You probably wouldn’t shop there again.
In digital experiences, you have to rely on written words in place of conversations with actual people. If the words aren’t right, the whole experience is ruined.
As a content designer, it’s my job to ensure every online conversation we have with customers is as effective and enjoyable as shopping in an H-E-B store. People love our stores for the friendliness, unique offerings, community-centered ethos, and proud Texan vibes. Well, that, and the ice cream.
What is “Content Design”?
Content designers at H-E-B Digital are responsible for nearly all the words in our digital experiences. We collaborate with researchers, designers, product managers, and engineers to create digital interfaces that balance our four key content principles: useful, clear, concise, and consistent.

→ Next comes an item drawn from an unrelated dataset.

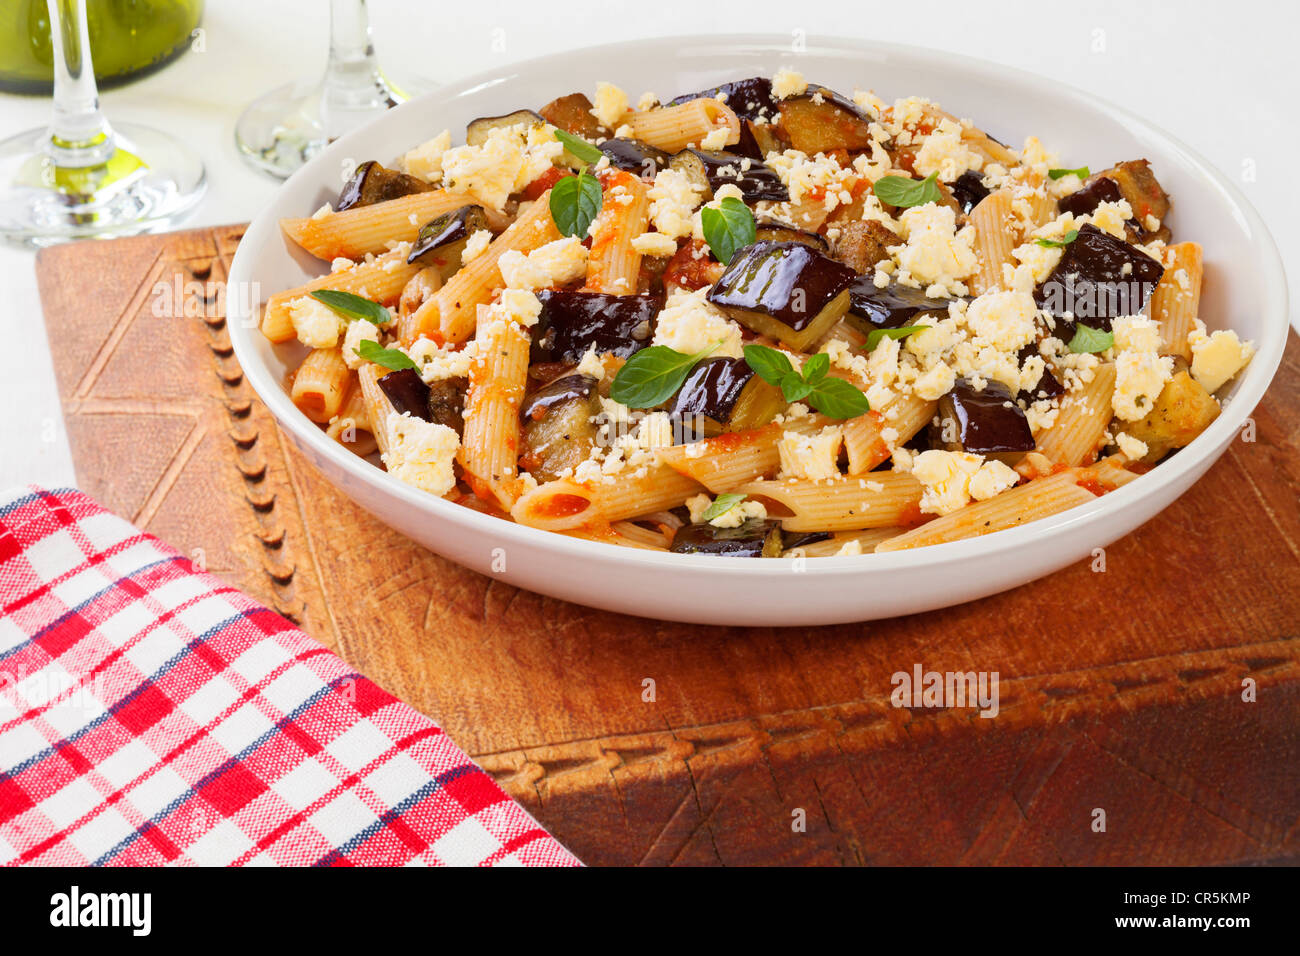 The national dish of Sicily, Pasta alla Norma tastes wonderful. - Stock Image

Still fuzzy? Compare content design with copywriting. Copywriters use romantic language to inspire an emotional response and get users to buy something. Content designers use simple language to help users understand their experience and help them accomplish something. As content designers, we solve problems and shape experiences through content.
Write simple. That means it’s easy, right? Not exactly. Because words are the source of truth, content designers need to be experts in all the ways a product functions, often sitting with engineers to turn complex ideas into something useful. And because no one likes to read (it’s okay, we get it), the copy usually needs to be short. And it needs to sound like a human, not a robot. And don’t forget it needs to go through user testing to make sure it actually works. So what does simple look like? It’s spending 30 minutes writing a single error message, coming up with 35 versions of a single headline, or asking anyone within earshot if they understand what the word “biometric” means.Simple is hard, y’all.
The new My H-E-B app
When I joined the H-E-B Digital team, our brand new H-E-B app was already full steam ahead. We had to build the car as we drove it, so to speak. While collaborating with designers to craft content for each screen, we were also documenting guidelines, researching and learning about our customers, and trying to understand and define our brand voice for the digital space.

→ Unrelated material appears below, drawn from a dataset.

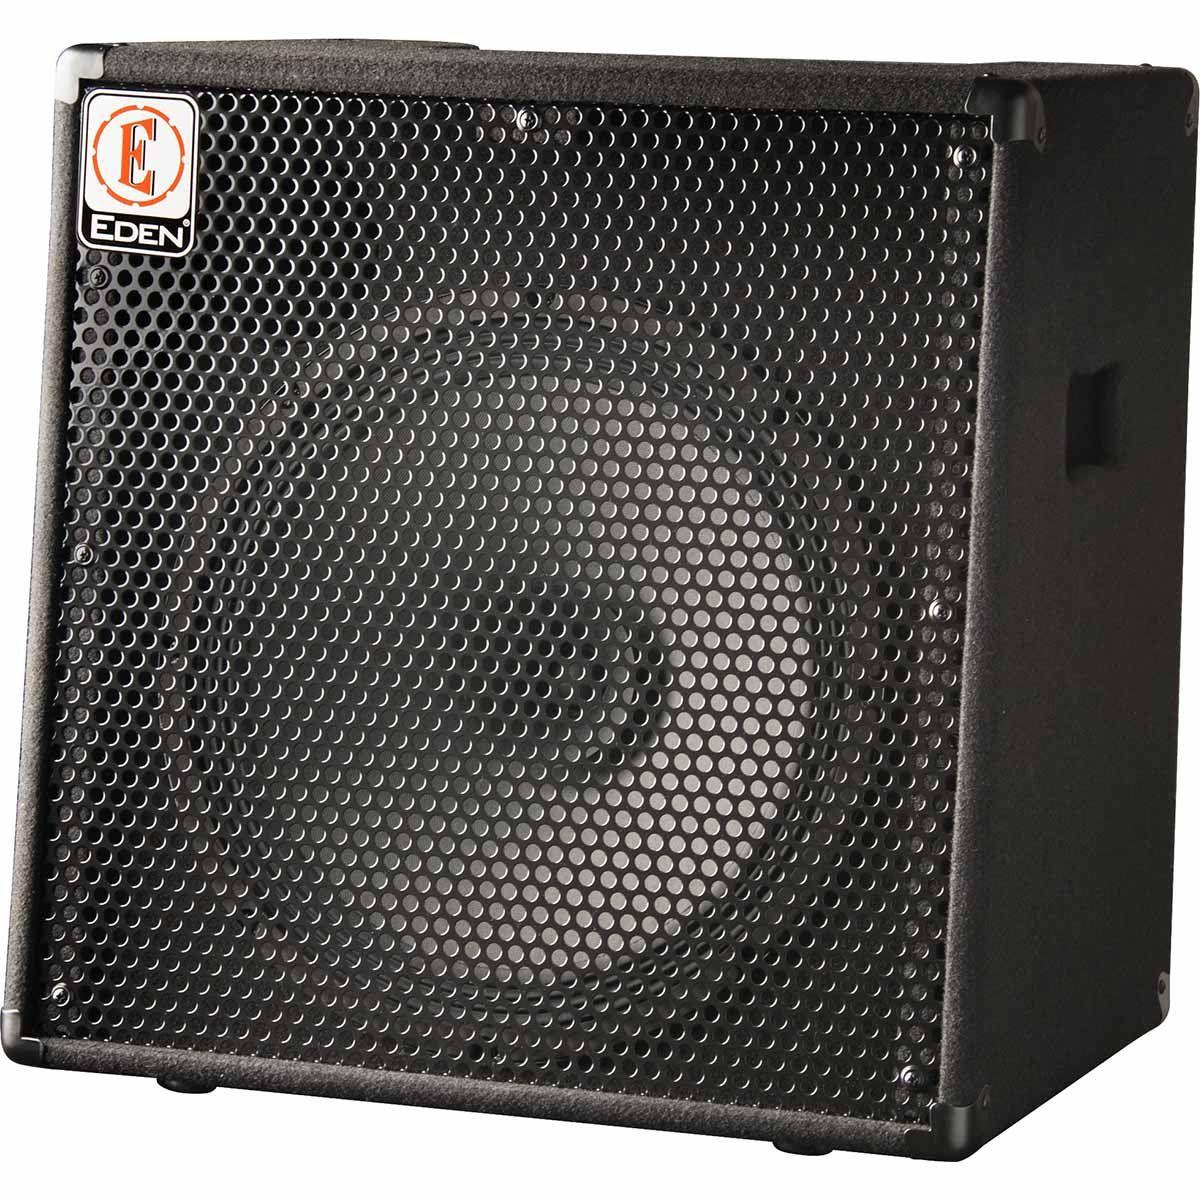 Eden EC210 Amplificador Combo para Contrabaixo com 180w de Potência

To get up to speed, we audited what existed in our stores and online, talked with H-E-B Partners, and even worked as a personal shopper for a few hours (and wow, that’s not easy). We used these learnings to ensure our writing matched our customers’ mental models and honored our larger brand voice. For the app, we focused on making our voice sound conversational and upbeat without being too casual or overly playful.
To make sure we were being consistent, we also drafted a style guide, documenting use cases as they came up. This style guide sets rules around things like punctuation, capitalization, and word choice. This guide will likely always be changing as we evolve.
While keeping the big picture in mind, we also got deep into the details. Thinking back to our handy metaphor: you wouldn’t want to be halfway through checkout in a store, only to have your cashier tell you they were unable to add the item to your cart and ask you to leave. That shouldn’t happen in the app either. Every piece of content was crafted to reflect the type of experience you’d want in a real store, whether things are going well or not.
Content design in action
Let’s see what that looks like: Here’s some of the content we wrote for the My H-E-B app so you can see the difference a few words can make.
Information gathering
Often called a “permissions primer,” this dialog shows up when your phone needs approval to access information, for example, to use your location to find your nearest store. Sharing data can be a little scary so we use primers like this to let customers know what data we need and why.
The copy in the first image below sounds impersonal and doesn’t help the user understand why sharing their data would be helpful. Rewritten, it sounds more like something a real person would say to you. And details like button copy matter too: “Continue” gives the user a hint that there’s another step, and “Not now” lets them know they can always change it later.